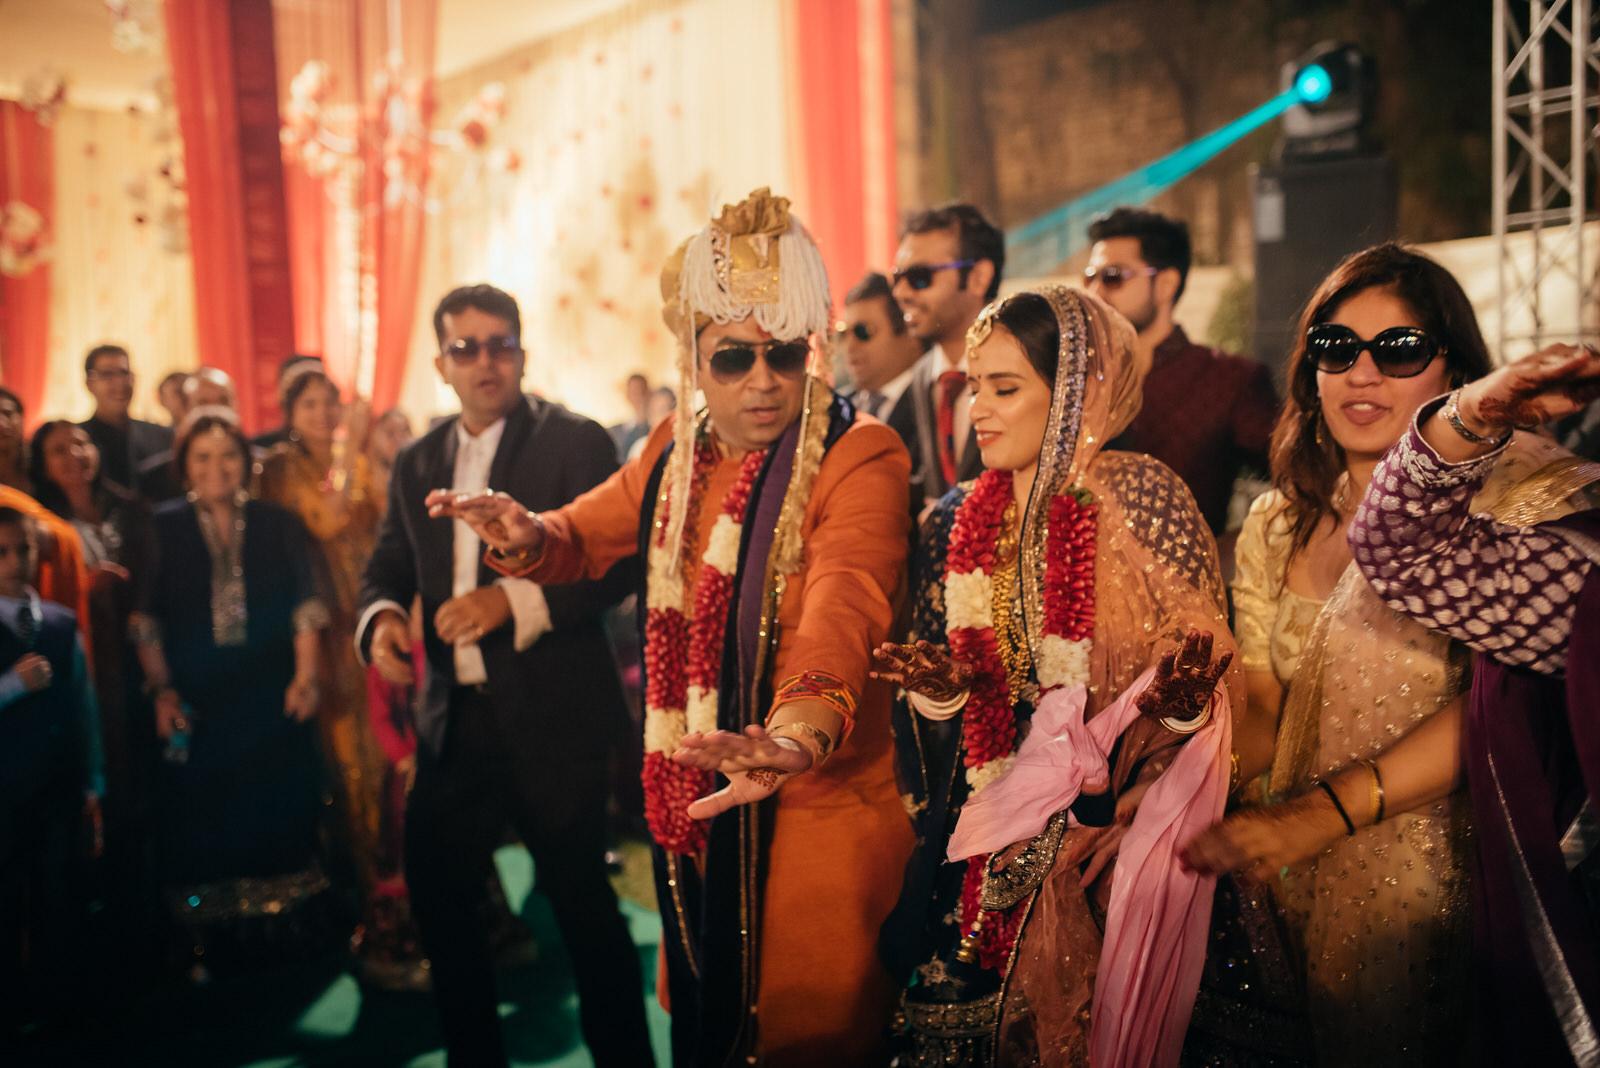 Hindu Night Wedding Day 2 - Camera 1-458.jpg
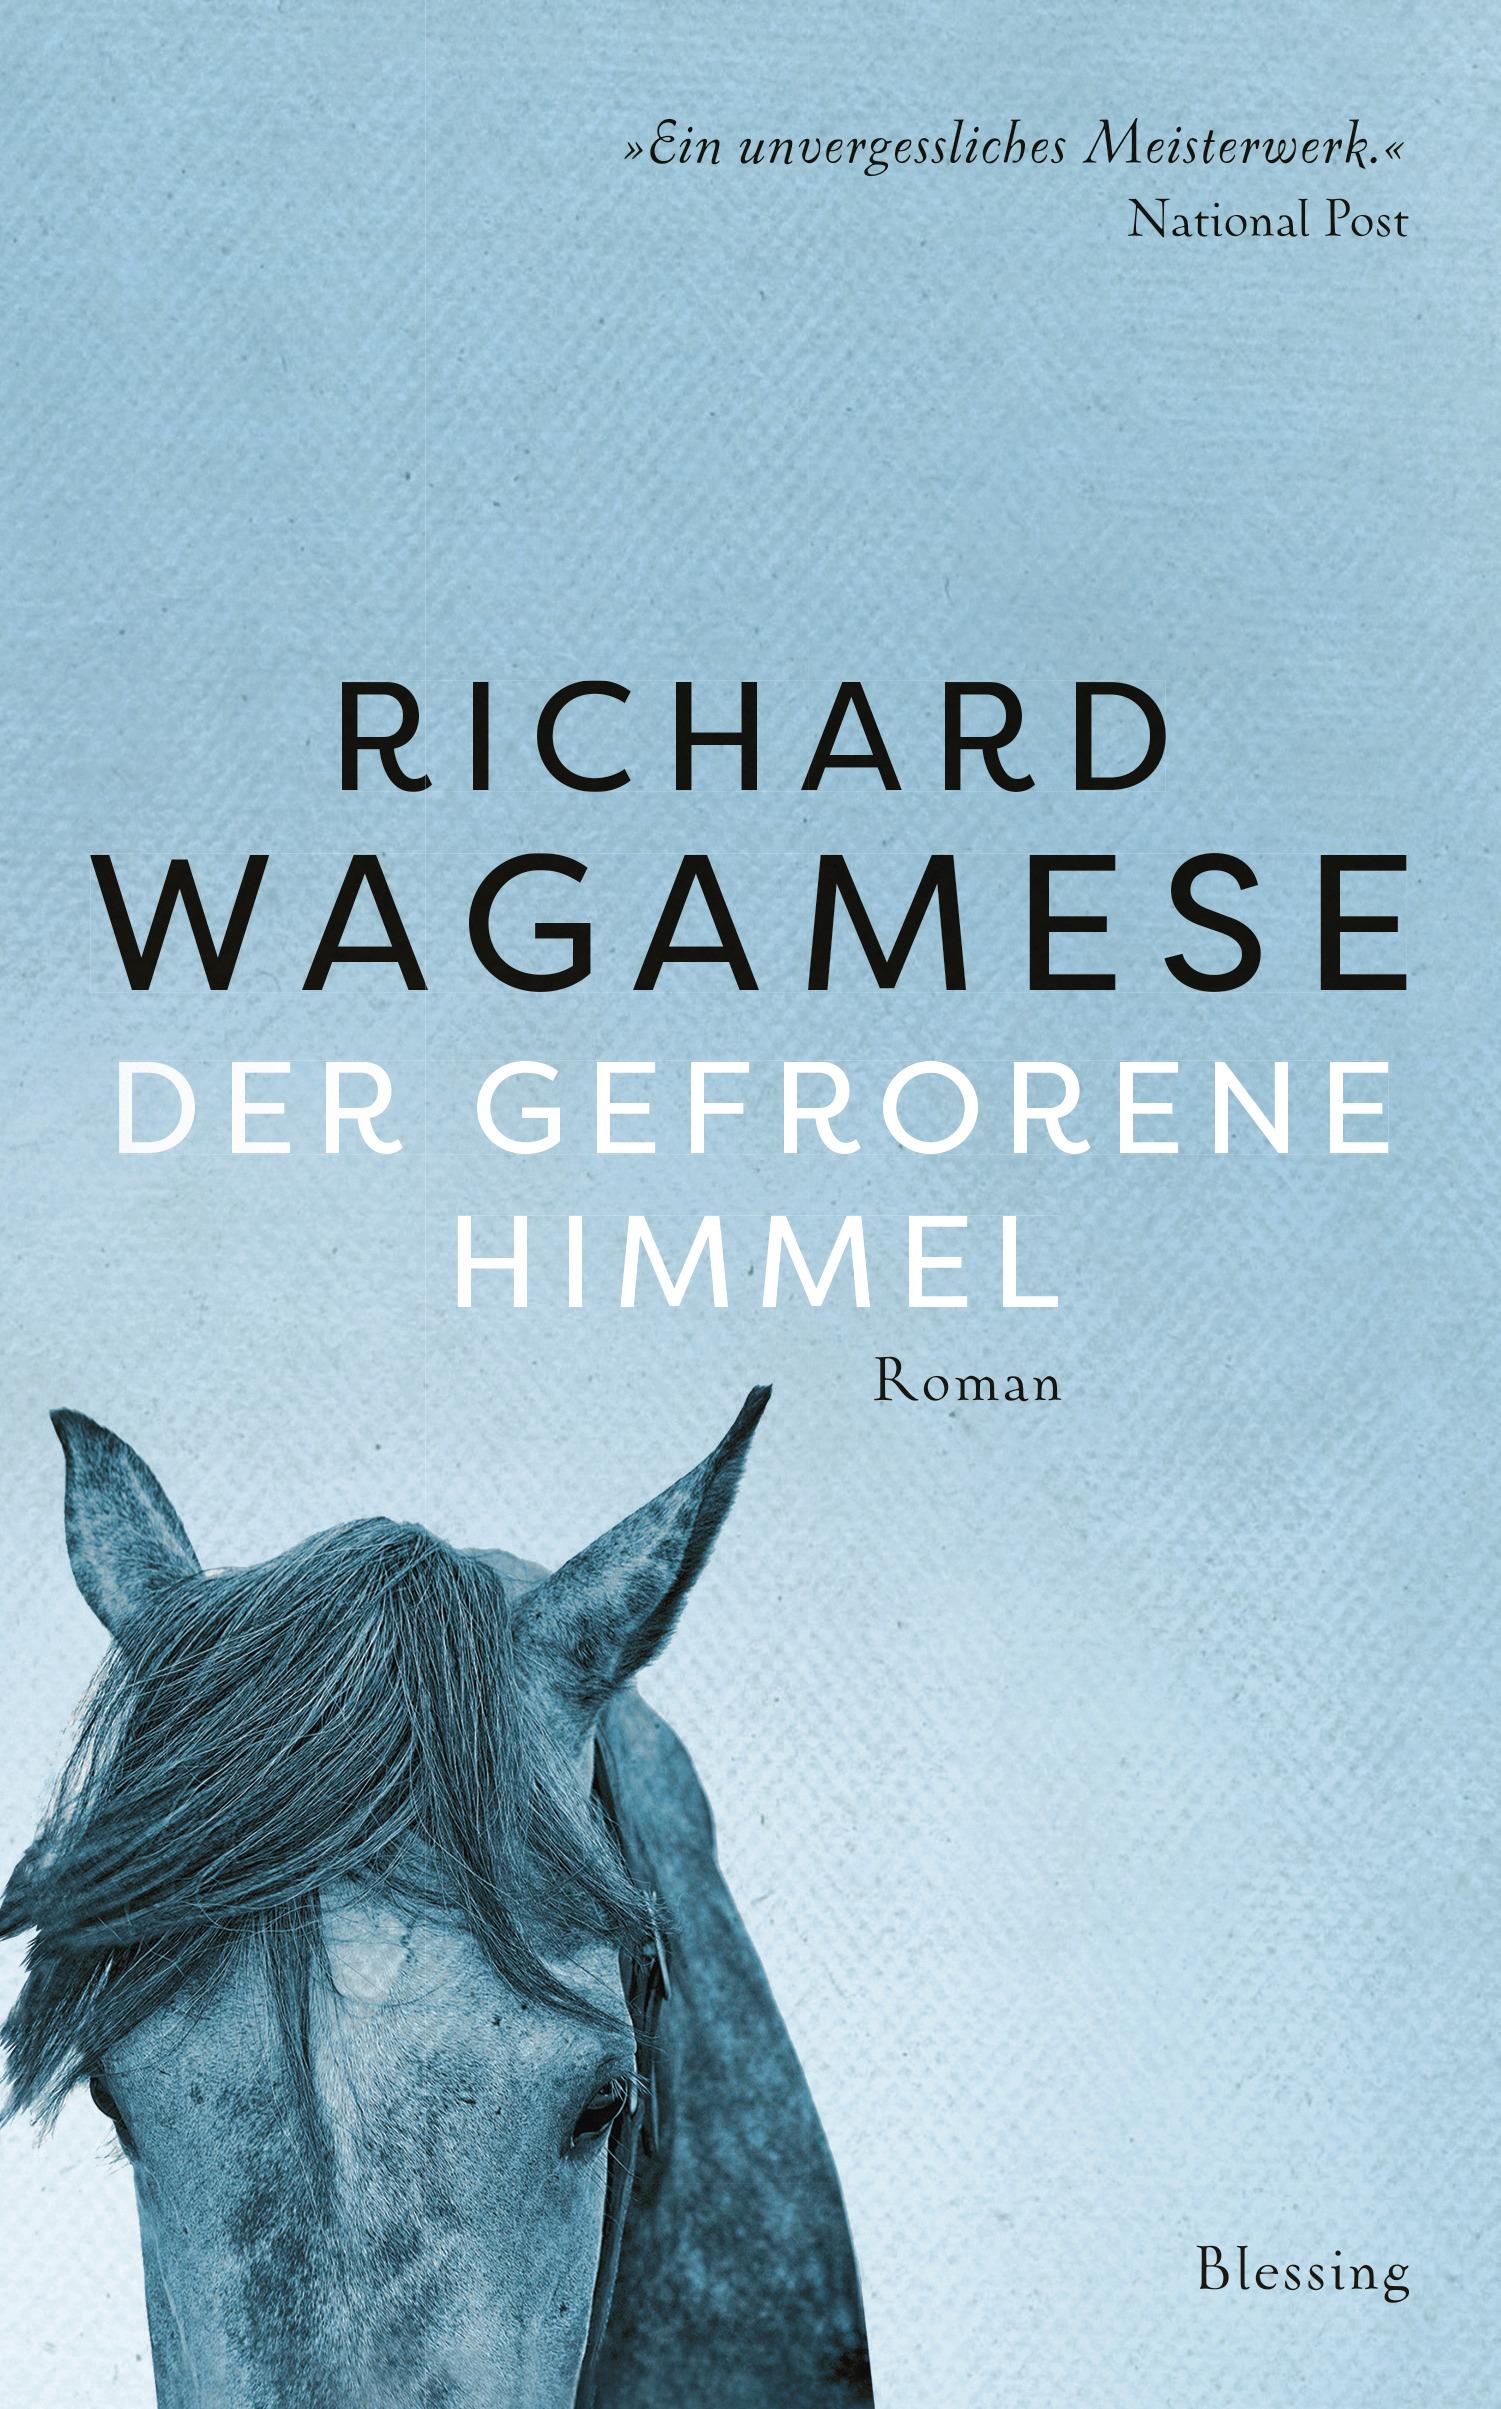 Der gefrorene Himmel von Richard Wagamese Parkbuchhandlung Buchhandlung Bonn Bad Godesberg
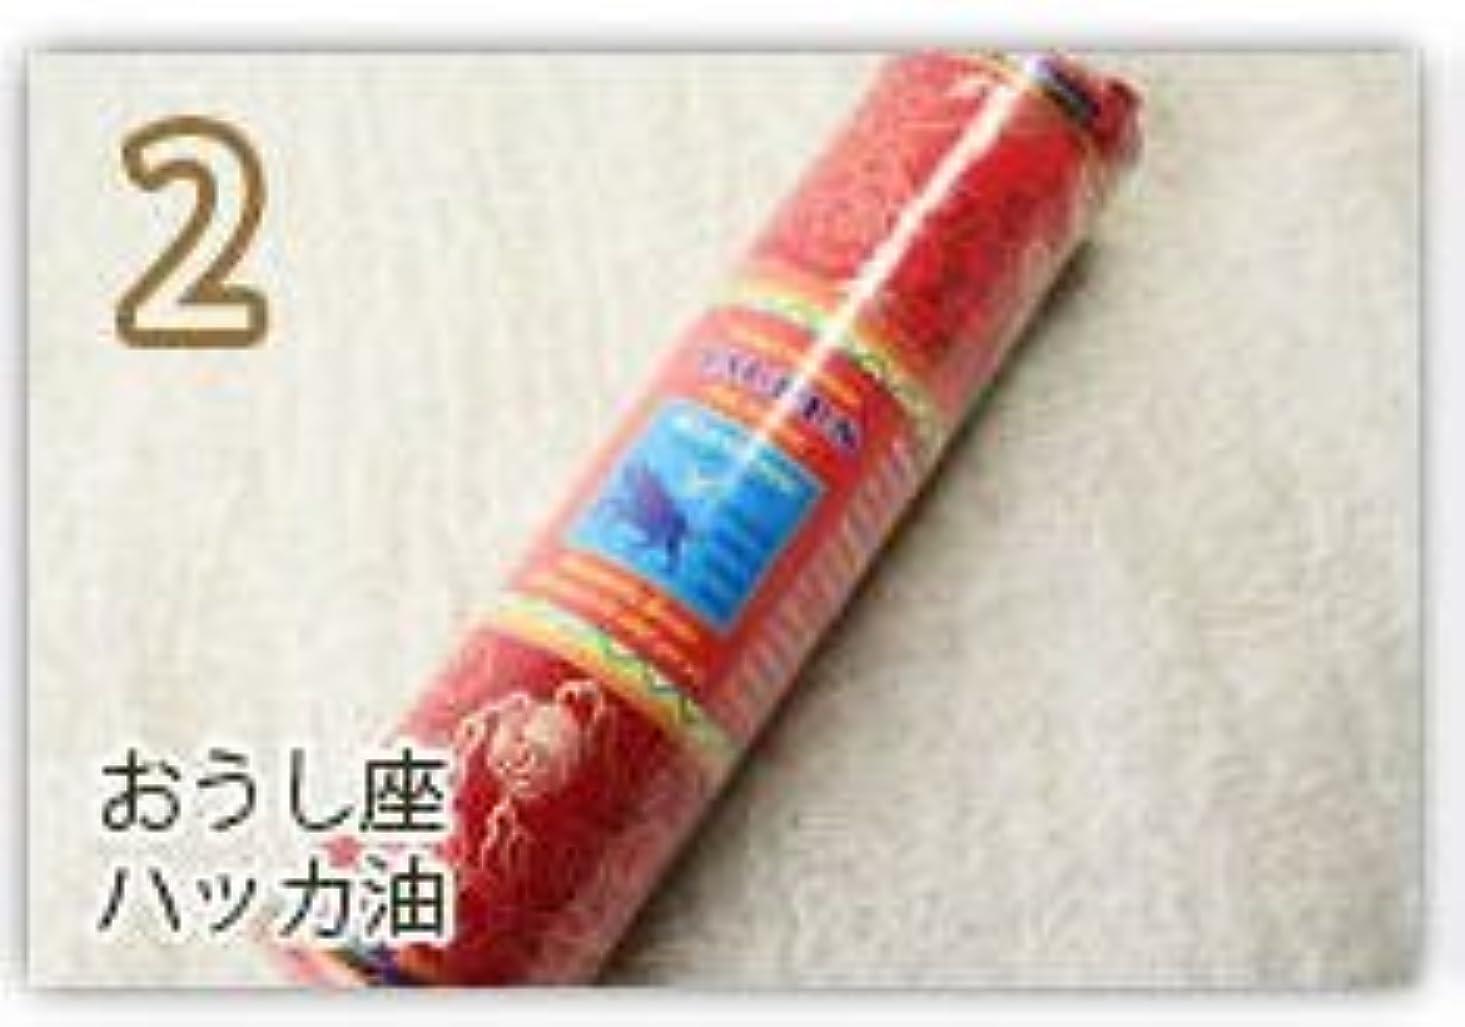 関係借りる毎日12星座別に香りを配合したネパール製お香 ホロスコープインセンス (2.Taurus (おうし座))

_ _ _

What needs to be done: Leaving every picture out, please copy exactly the lines from the one holding "Der gefrorene Himmel" through the last line of the listing, both ends included.

Finished exercise:
 Der gefrorene Himmel von Richard Wagamese Parkbuchhandlung Buchhandlung Bonn Bad Godesberg
 関係借りる毎日12星座別に香りを配合したネパール製お香 ホロスコープインセンス (2.Taurus (おうし座))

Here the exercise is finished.